Fortunate was it for Grindall that no ventriloquist added to the alarm;
for in those days Mr. Page could have made all these cloaks speak
whatever language he pleased, and thus the unhappy Grindall might have
suffered an ignominious fate under the statute of James the First against
witchcraft and sorcery. But the event soon showed there was no evil
spirit concealed in these cloaks; and if I may hazard an opinion at this
late day, I would account for all in a natural way. There was, no doubt,
daily, a strange appearance in each cloak previous to its leaving the body
of Grindall. It might tremble, and not only seem to, but really flutter
about his body; this simple circumstance, even in the present enlightened
times, would immediately grow into the marvellous. All these
strange appearances might arise from the bounding heart of Grindall.
Every cloak that he gave away expanded his heart; it beat high with the
joyful assurance that, when all his cloaks had left him, he should become
a proper man. Hence the agitation of his heart caused him and his
whole establishment to tremble; and the supposed thunder was only the
throbbing of his heart. Greater mistakes than this have been made down
east, near Boston, where the good people of a certain town on the sea
coast lived a whole century, after the settlement of the country, on shags,
mistaking them for wild geese.
However the truth might be respecting this affair of the cloaks, one
thing is certain; it was near proving fatal to Grindall; for many of those
who came to receive a cloak in charity, when they saw its tumultuous
quaking, declined receiving one, through fear of catching the palsy.
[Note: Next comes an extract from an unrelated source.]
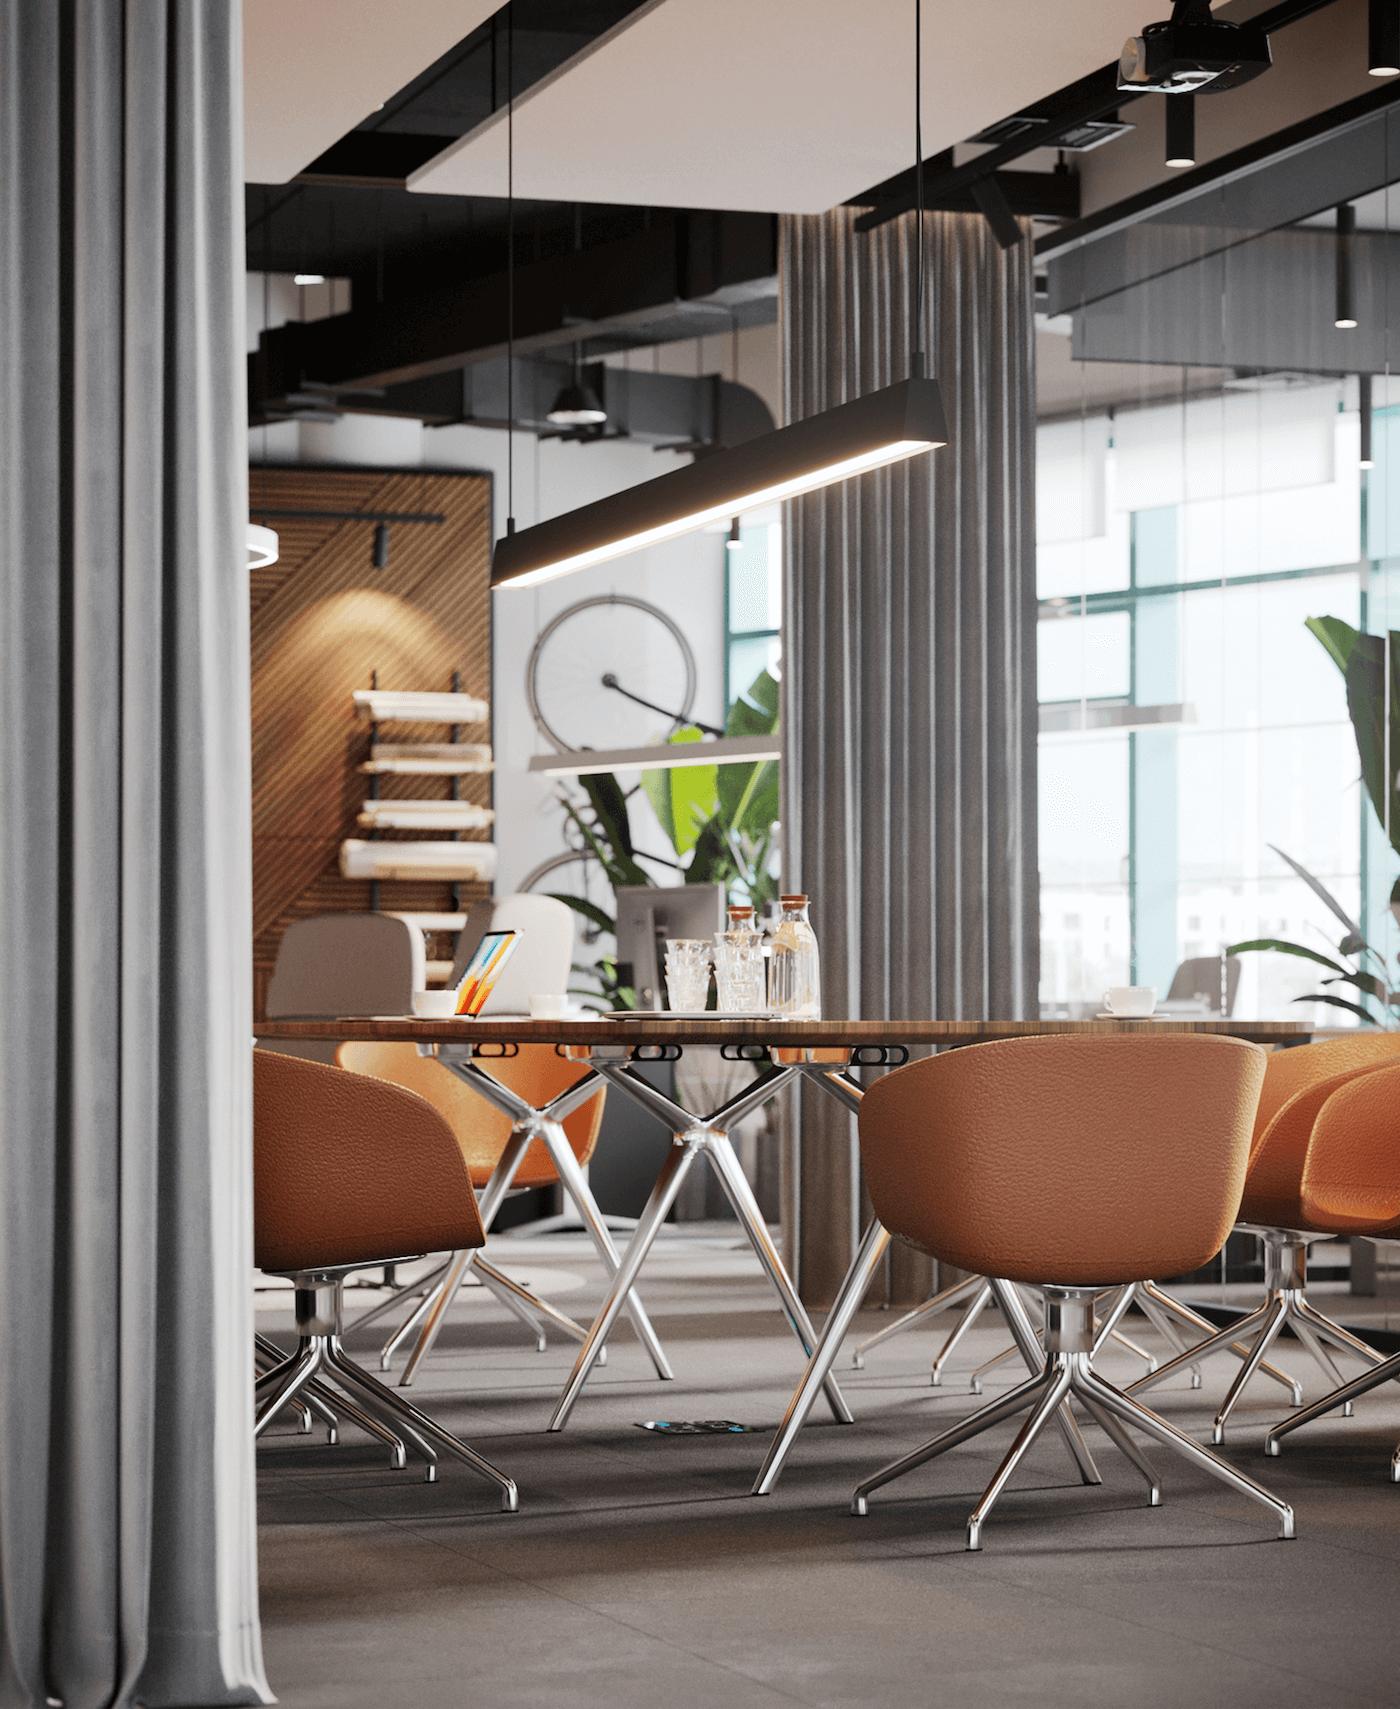 Architektur visualisierung 3d rendering agentur köln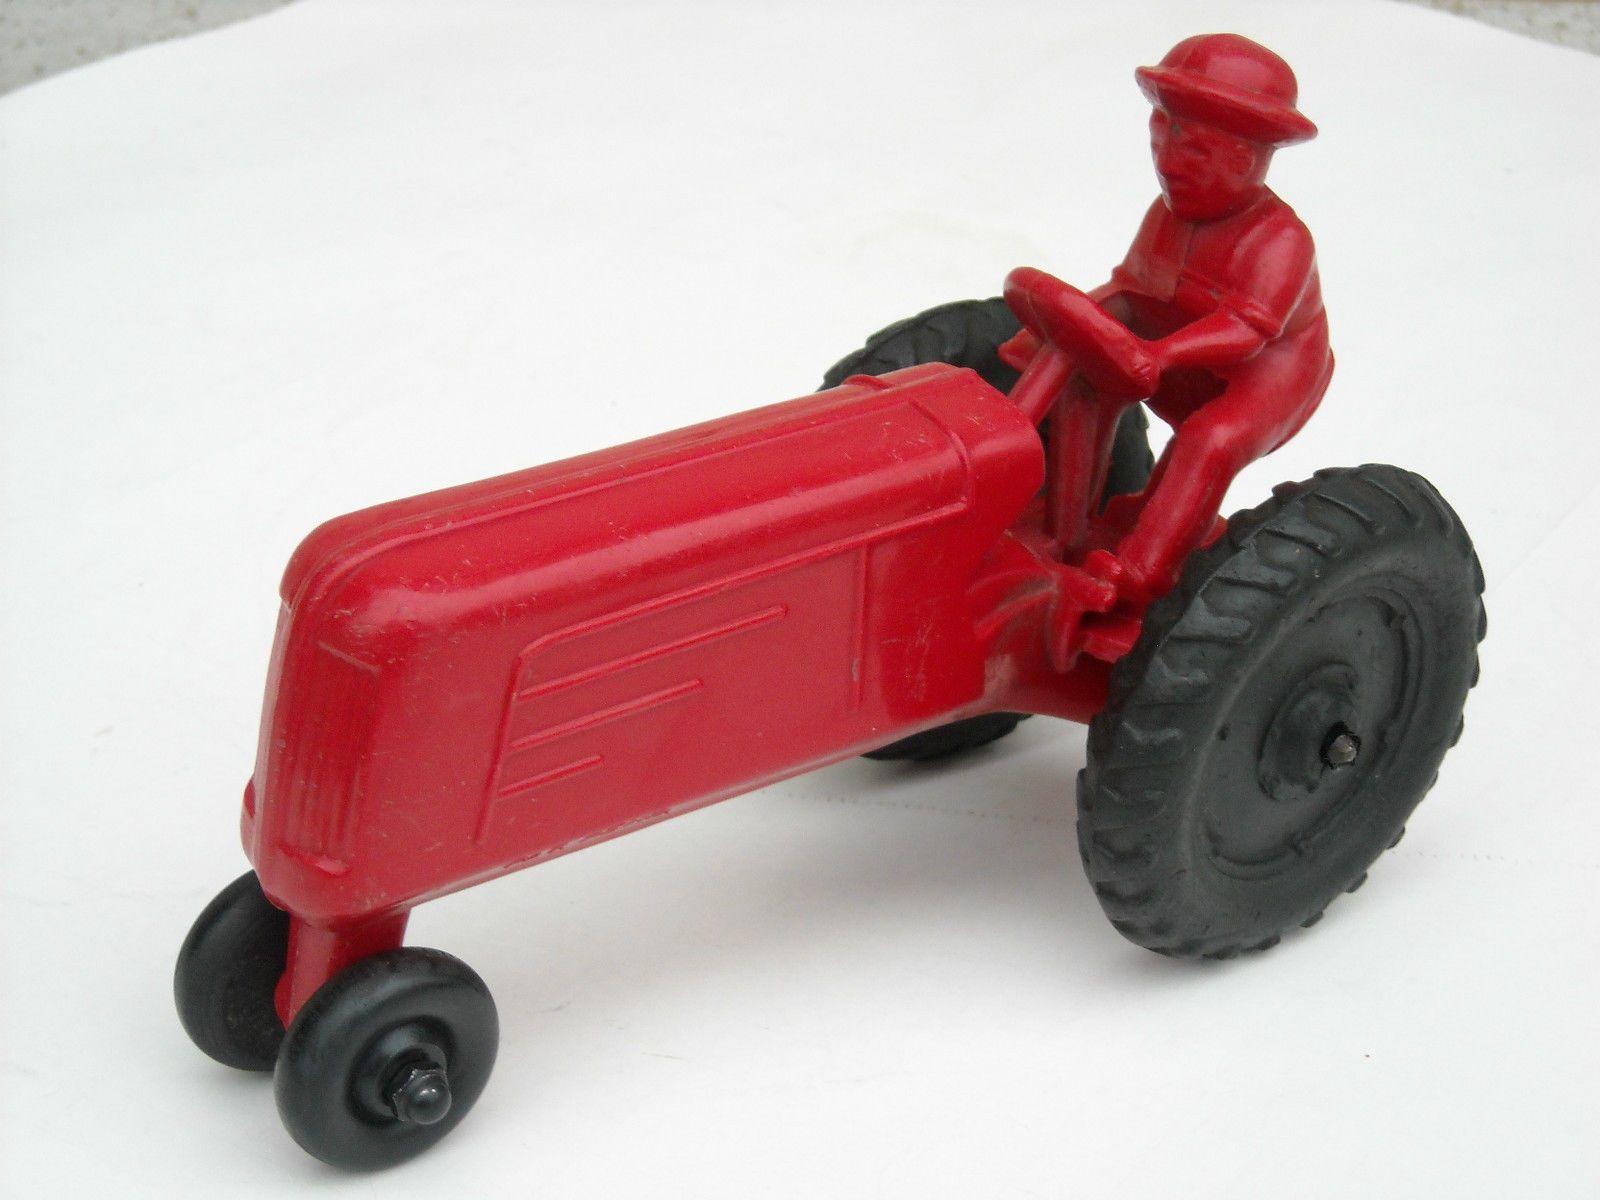 Vintage & Rare E.R. Roach Toy Tractor Tractors, Vintage

But
after a little while, when they saw these cloaks lie so quiet when cast off
from Grindall, and perfectly harmless to the wearer, the few remaining
cloaks became popular, although the last of them crankled the most and
danced the longest.
The Canadian traveller, on his return, remembered his promise, and
stopped to greet Grindall, who had just shaken off his last cloak. Grindall
regarded him with a feeling of awful respect. He stood silent; but
the traveller heard Grindall's heart speak. "Your looks, Mr. Grindall,
have told me all; you have found the remedy. You now know how to
keep yourself warm in the coldest weather. But in order to keep yourself
constantly warm, you must keep a constantly warm heart. None of
your sudden impulses, warm to-day and cold to-morrow. Most men are
governed by impulses, and they endeavor to offset against habitual
coldness, a single warm impulse. There is little merit in that. The
rattlesnake is still poisonous, although it may show you many golden
specks scattered over its back. In short, Mr. Grindall, if you desire
never to want another cloak, keep a warm heart; and if you are subject
to cold feet in winter, marry a worthy woman." Grindall followed this
advice; and before he died, became a proverb. "As good as old
Grindall," is still current west of the Green Mountains.